• **Work item**
Please transcribe the listing below in full, exactly as written, leaving out its pictures.
===== Stored data =====
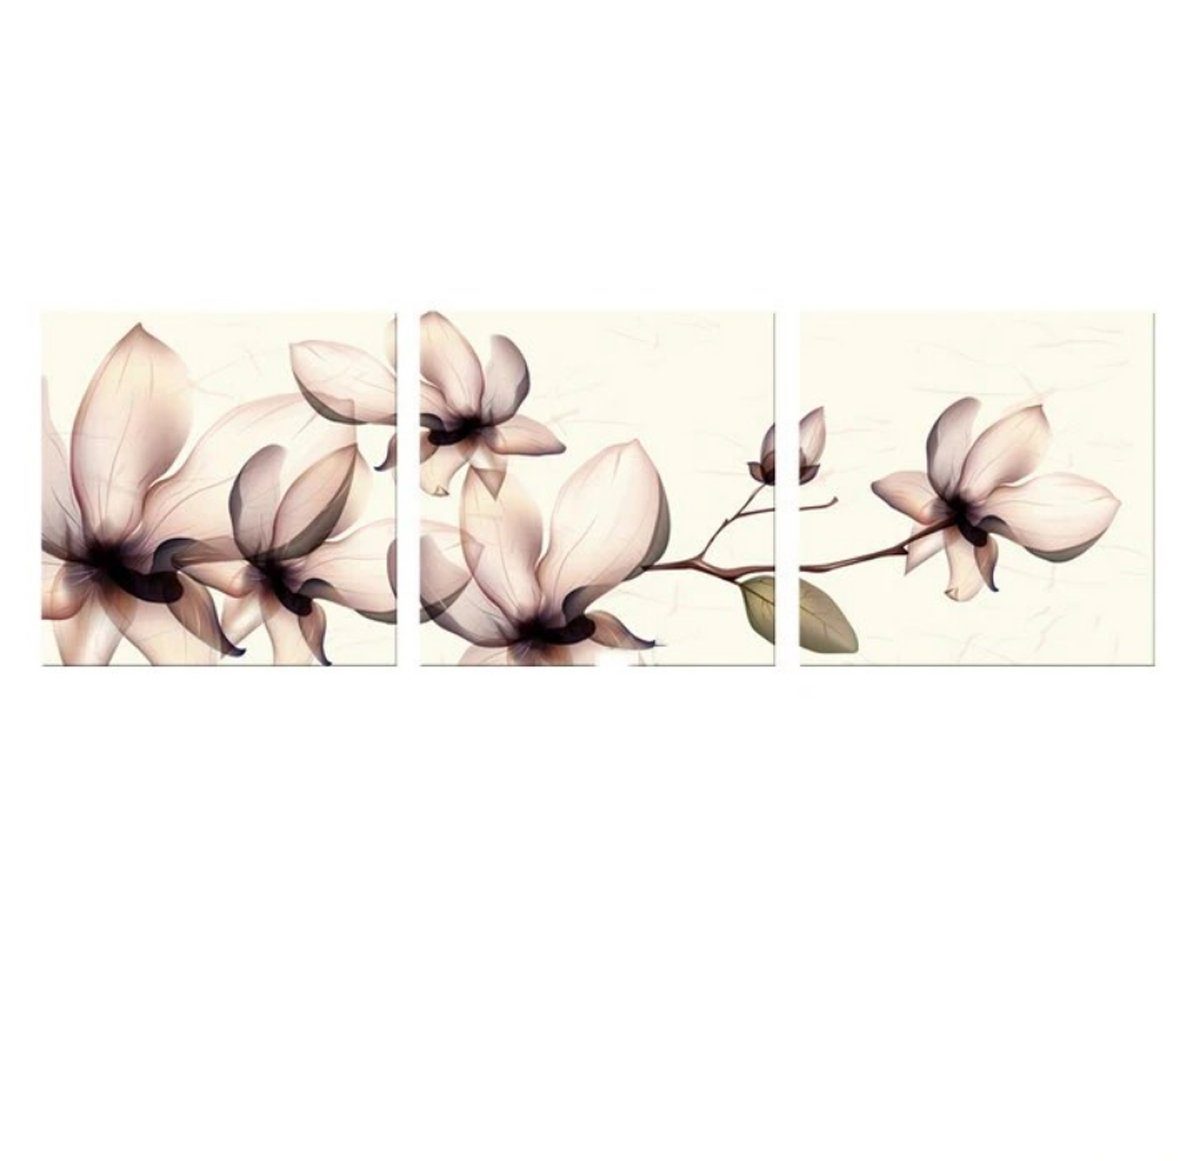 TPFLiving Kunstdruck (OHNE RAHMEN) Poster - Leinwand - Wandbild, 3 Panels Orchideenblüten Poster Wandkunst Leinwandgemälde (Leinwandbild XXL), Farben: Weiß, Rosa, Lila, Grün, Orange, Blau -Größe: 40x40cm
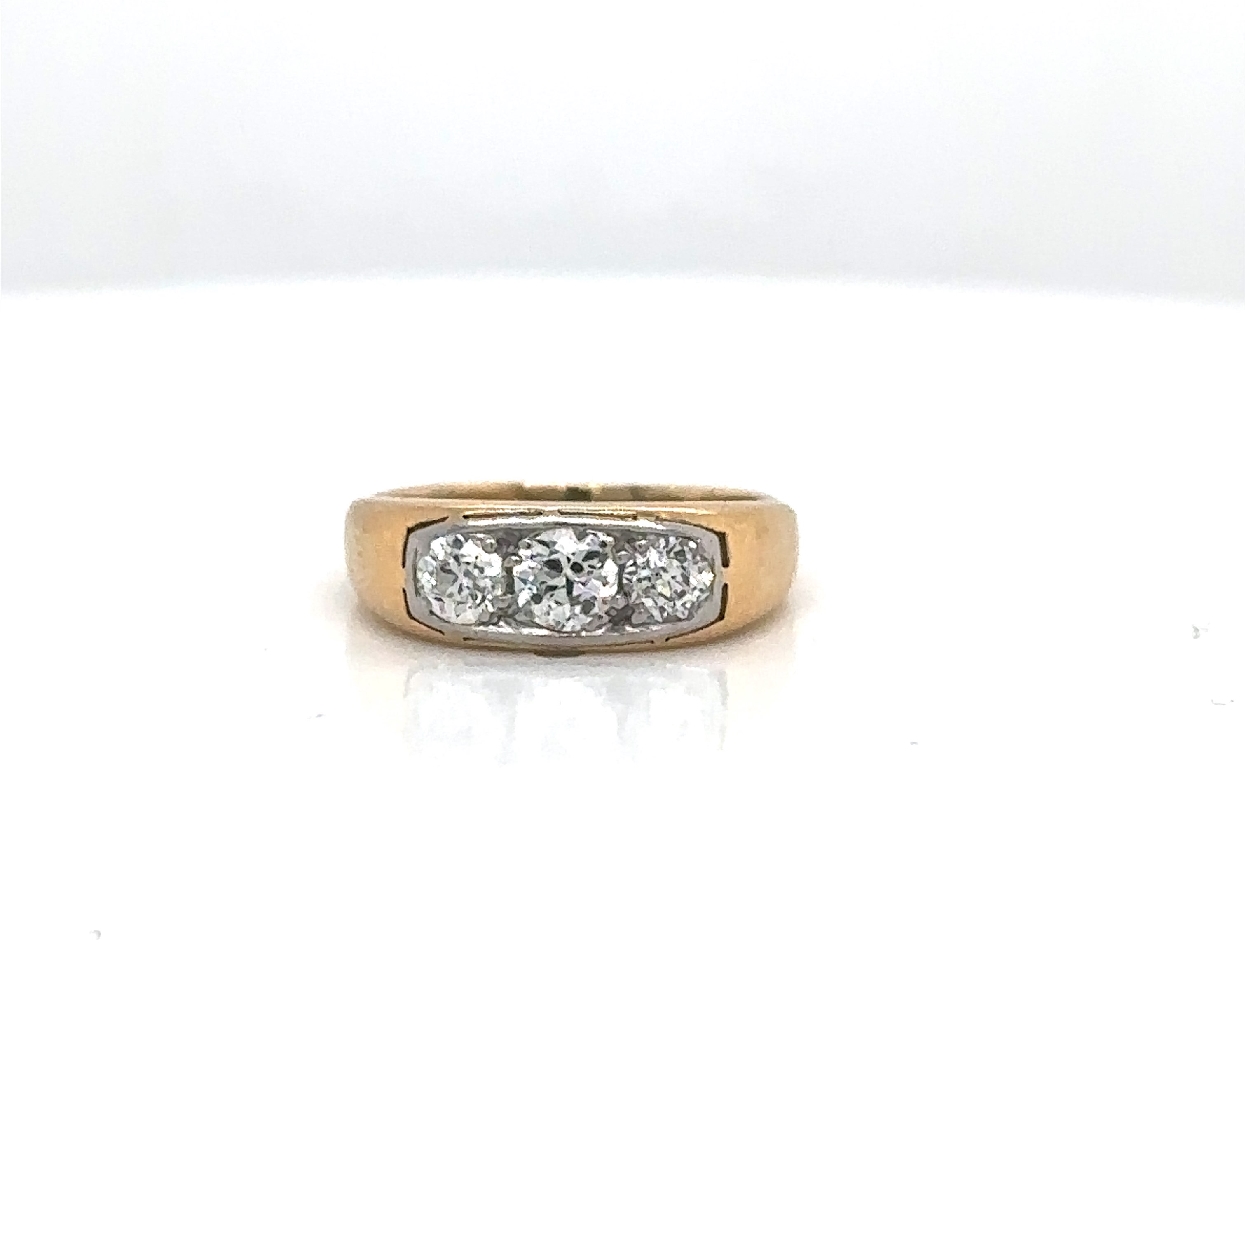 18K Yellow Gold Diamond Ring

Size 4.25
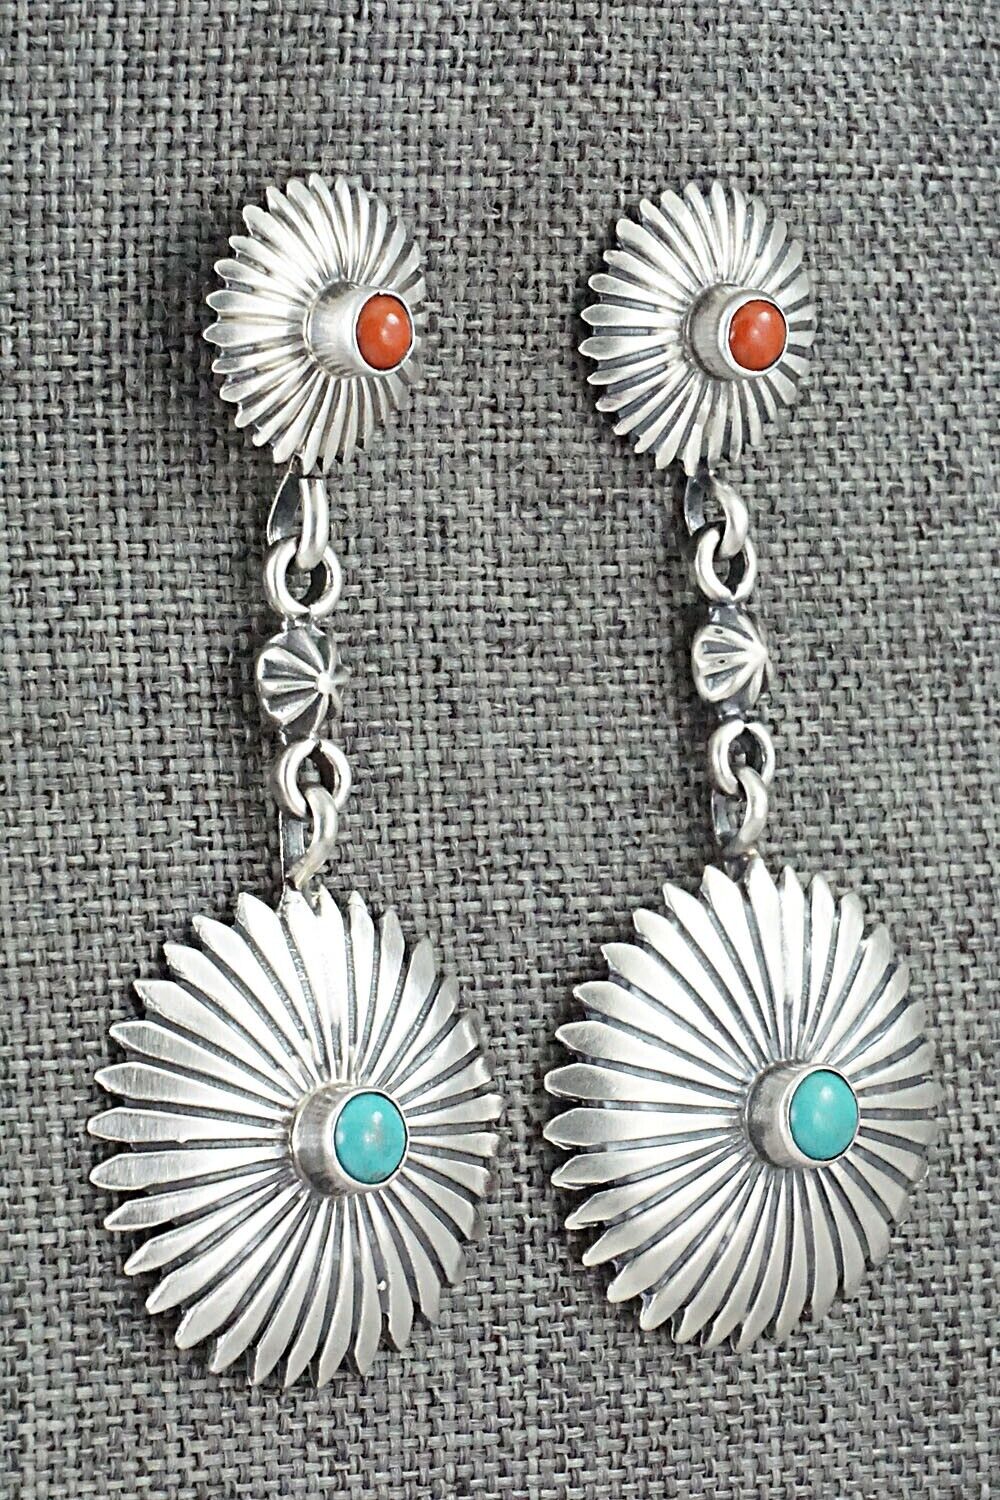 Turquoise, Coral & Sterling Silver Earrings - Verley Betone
=====
• **Result of the task**
 TPFLiving Kunstdruck (OHNE RAHMEN) Poster - Leinwand - Wandbild, 3 Panels Orchideenblüten Poster Wandkunst Leinwandgemälde (Leinwandbild XXL), Farben: Weiß, Rosa, Lila, Grün, Orange, Blau -Größe: 40x40cm
 18K Yellow Gold Diamond Ring

Size 4.25
 Turquoise, Coral & Sterling Silver Earrings - Verley Betone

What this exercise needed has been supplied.